A potent stimulus to the growth of a muscle is the separation of its attachments as the skeleton grows. The length of a muscle fiber is the direct consequence of its intended range of movement. The stimulus for the formation of a tendon is probably the pull of the muscle rudiment on undifferentiated connective tissue. If the normal opponents of a muscle are paralyzed, the muscle fails to grow properly and can result in contracture of a joint.

Muscle growth during adolescence is a major factor in weight gain. Gender differences in muscle size and weight are minor in childhood but become considerable with the onset of puberty.

In the infant, muscle accounts for approximately 25% of total body weight, compared with 40% in the adult. In the adult, approximately 55% of muscle weight is in the lower limb muscles, whereas in the infant the majority of the weight is axial musculature. The respiratory and facial muscles are well developed at birth so that the infant can perform the vital functions of breathing and sucking. Other muscle groups, such as the pelvic muscles, take several years to develop fully. Throughout life the weight of the skeletal muscles can be increased by exercise.

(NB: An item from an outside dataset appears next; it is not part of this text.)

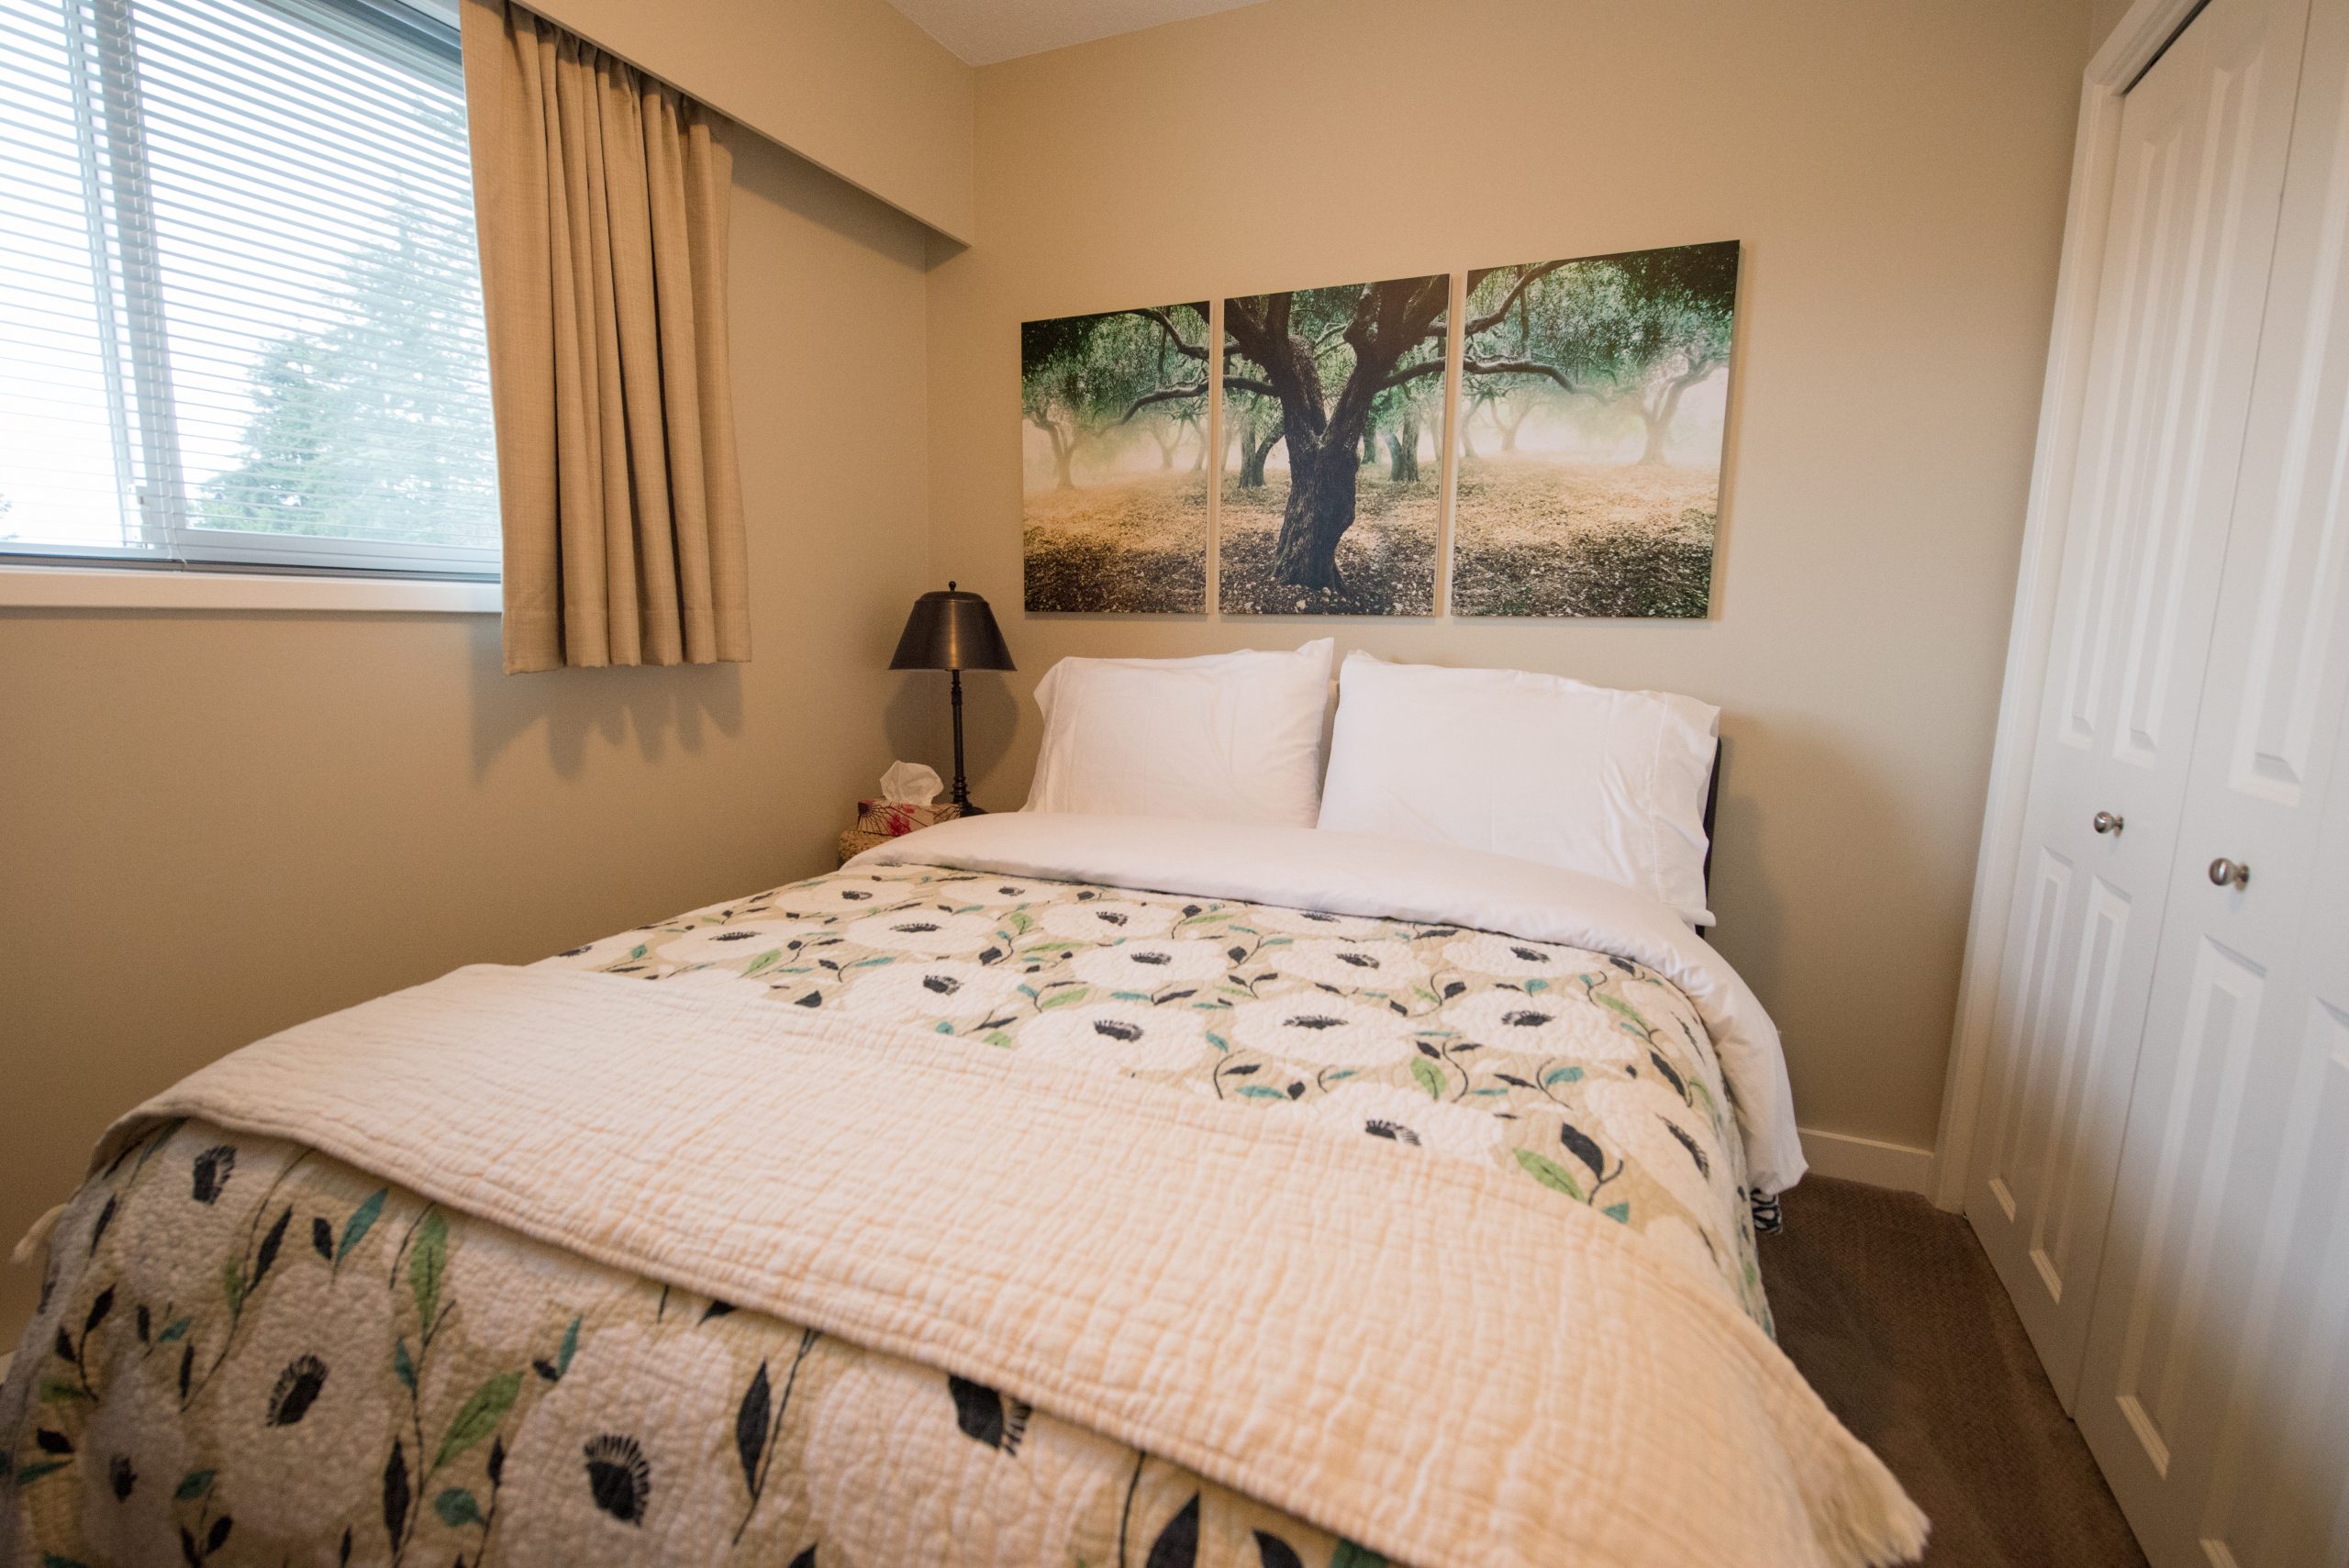 sequoia suite bedroom with queen bed

Musculoskeletal Alterations in Children

Congenital Defects


The most common congenital defect of the upper extremity is syndactyly, or webbing of the fingers (Figure 45-2). Simple webbing involves the soft tissue envelope alone and is best released surgically when the child is 6 months to 1 year of age. Complex syndactyly involves fusion of the bones and nails as well as the soft tissues; it may be associated with absence or anomaly of bony or neurovascular units. The primary goal in surgical correction of these defects is to achieve maximal function and appearance. Ideally, corrective surgery is deferred until the child is 1 to 2 years old and completed before the child enters school. Vestigial tabs, such as an extra digit, however, are best removed during the immediate neonatal period. Anomalies on the radial aspect of the arm, such as a foreshortened or absent radius, are often associated with abnormalities of blood, heart, or kidneys. Lateral or ulnar-sided defects are less often associated with systemic anomalies and are far more rare.

Developmental Dysplasia of the Hip

Developmental dysplasia of the hip (DDH), formerly known as congenital dislocation of the hip, is an abnormality in the development of the proximal femur, acetabulum, or both (Figure 45-3). Although most often present at birth, it may occur at any time in the newborn or infant period.

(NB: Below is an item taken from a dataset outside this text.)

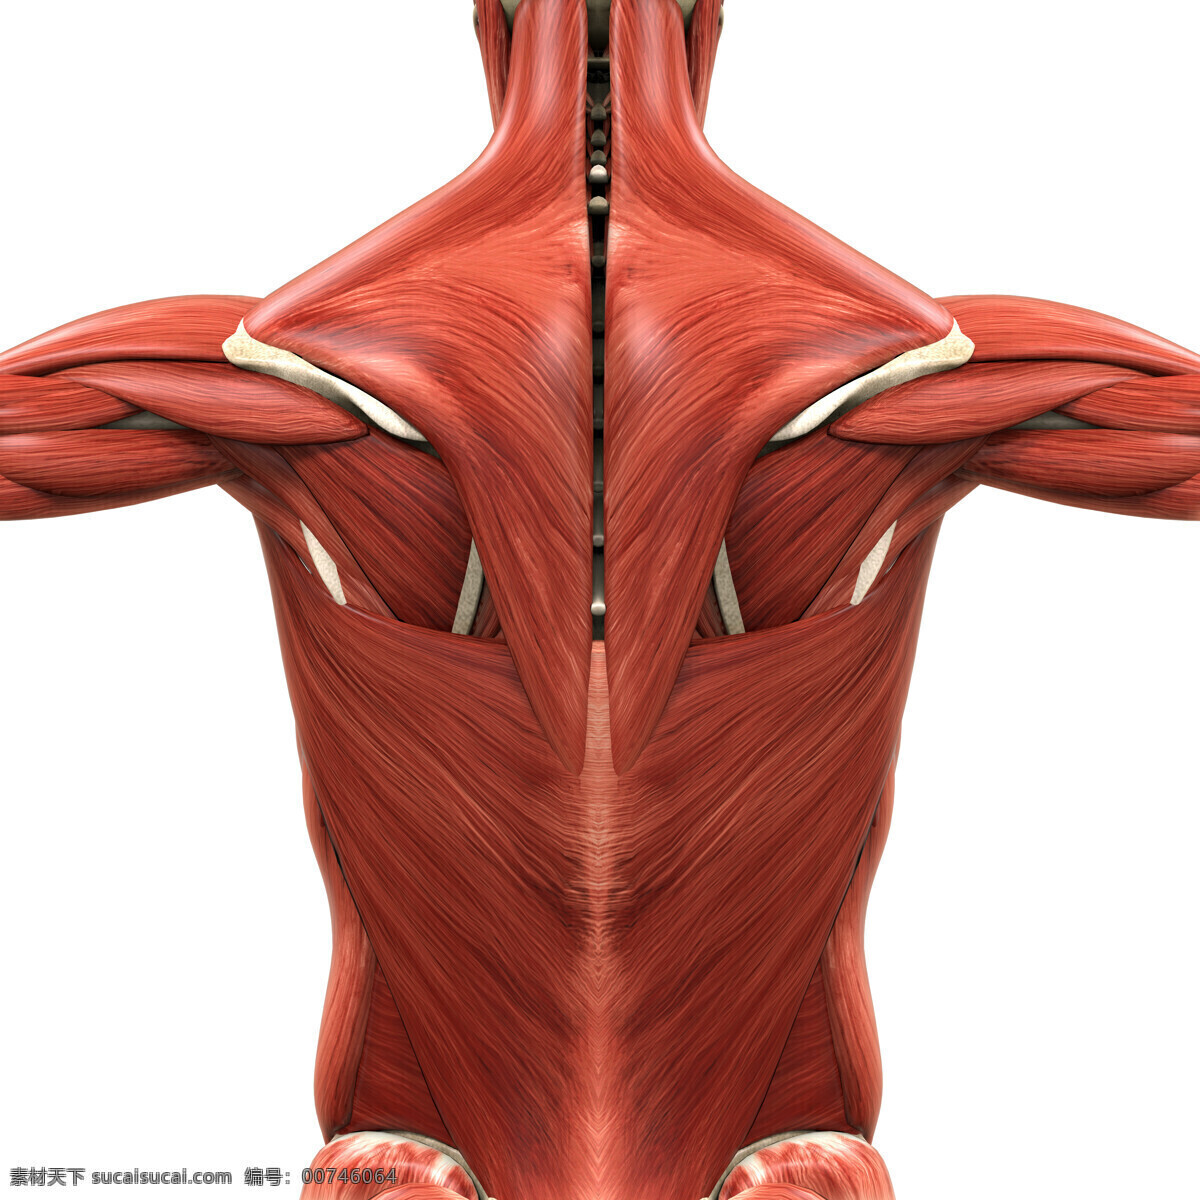 人体 背部 肌肉 组织 背部肌肉 人体肌肉组织 人体肌肉器官 肌肉结构 人体解剖学 医疗护理 现代科技

The incidence of true dislocation of the hip or a dislocatable hip is 1 in 1000 live births. Some degree of instability of the hip is present in approximately 10 per 1000 live births. The left hip is affected in 60% of cases, whereas the right hip alone is affected only 20% of the time. Bilateral DDH occurs 20% of the time.

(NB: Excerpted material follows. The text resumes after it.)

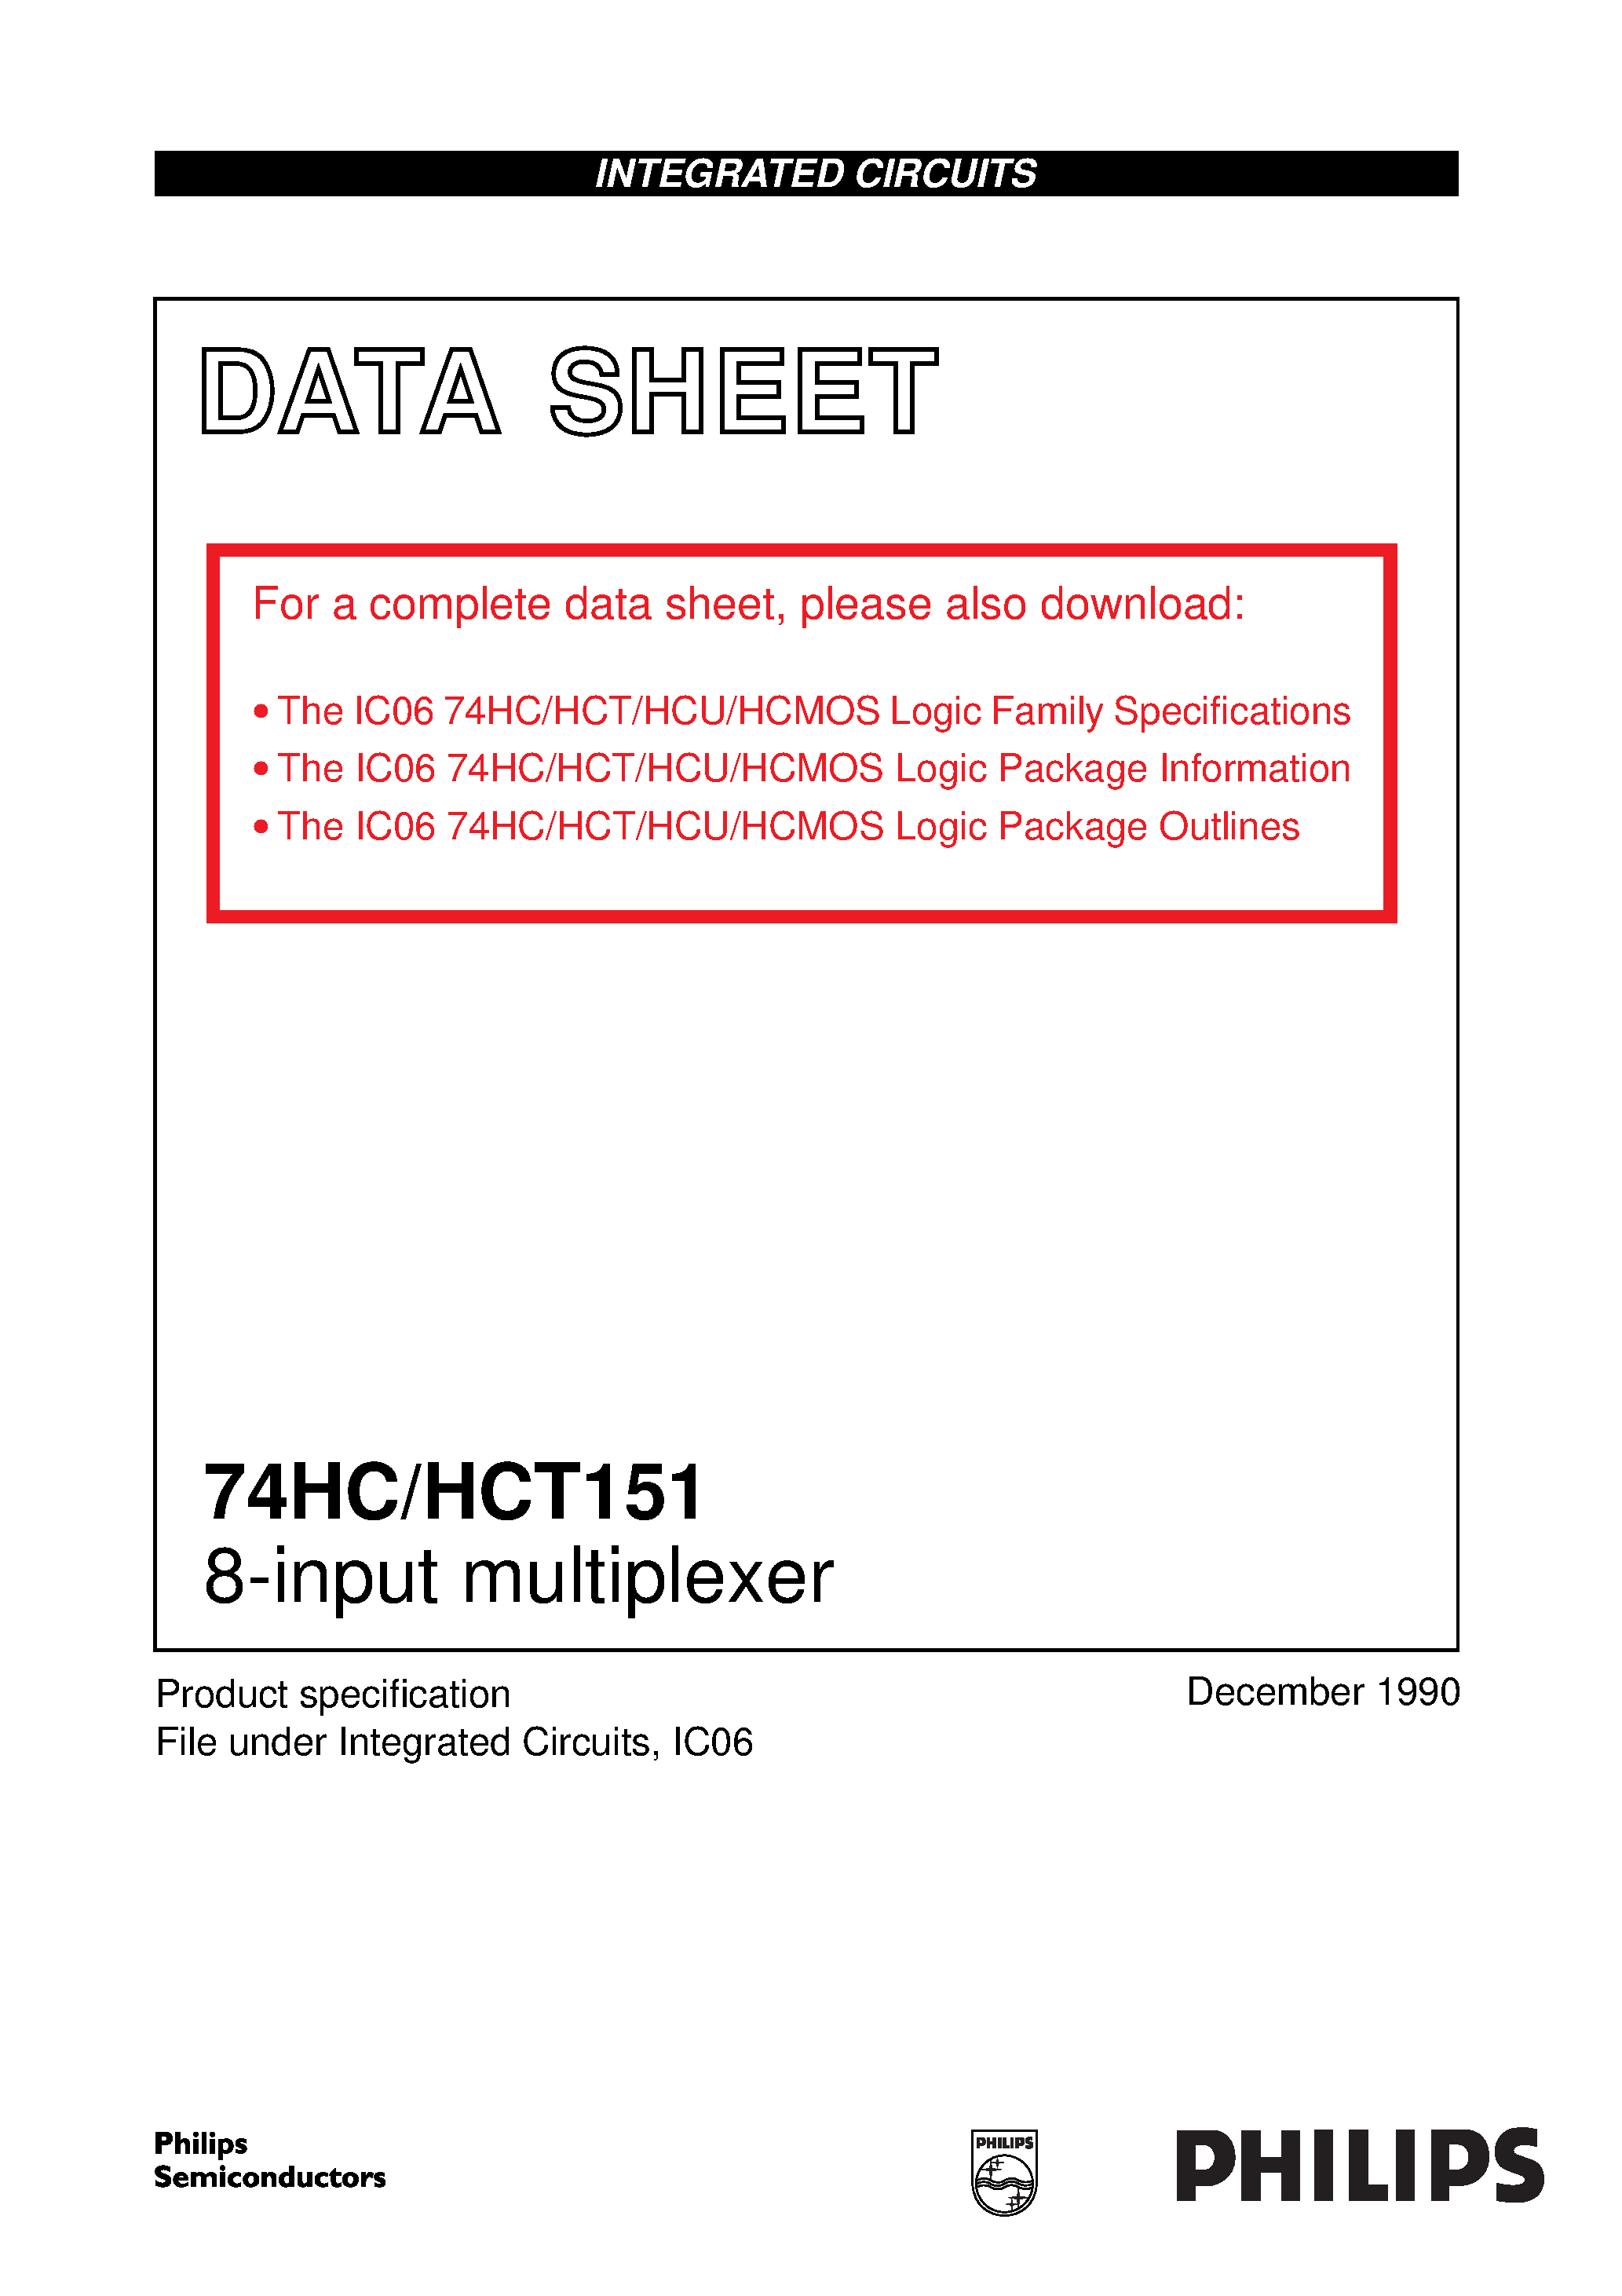 Datasheet 74HC_HCT151 - 74HC/HCT151 8-input multiplexer page 1

Risk factors for DDH include family history, female gender (6:1), metatarsus adductus (20%), torticollis (10%), oligohydramnios, first pregnancy, and breech presentation. First pregnancies and oligohydramnios (deficient volume of amniotic fluid) are thought to limit fetal movement, and breech presentation not only limits movement but also places the hips in a position of flexion and adduction, which creates a more shallow socket, or acetabulum. Although only 2% of births have breech history, as many as 40% of infants with DDH had a breech birth. Maternal hormones that reportedly increase joint laxity also have an effect on DDH, although the exact mechanism is unknown. DDH also is more common in whites and those cultures that swaddle infants with the hips in extension and adduction. It is almost unknown in African cultures where infants are carried, with legs abducted, on the back.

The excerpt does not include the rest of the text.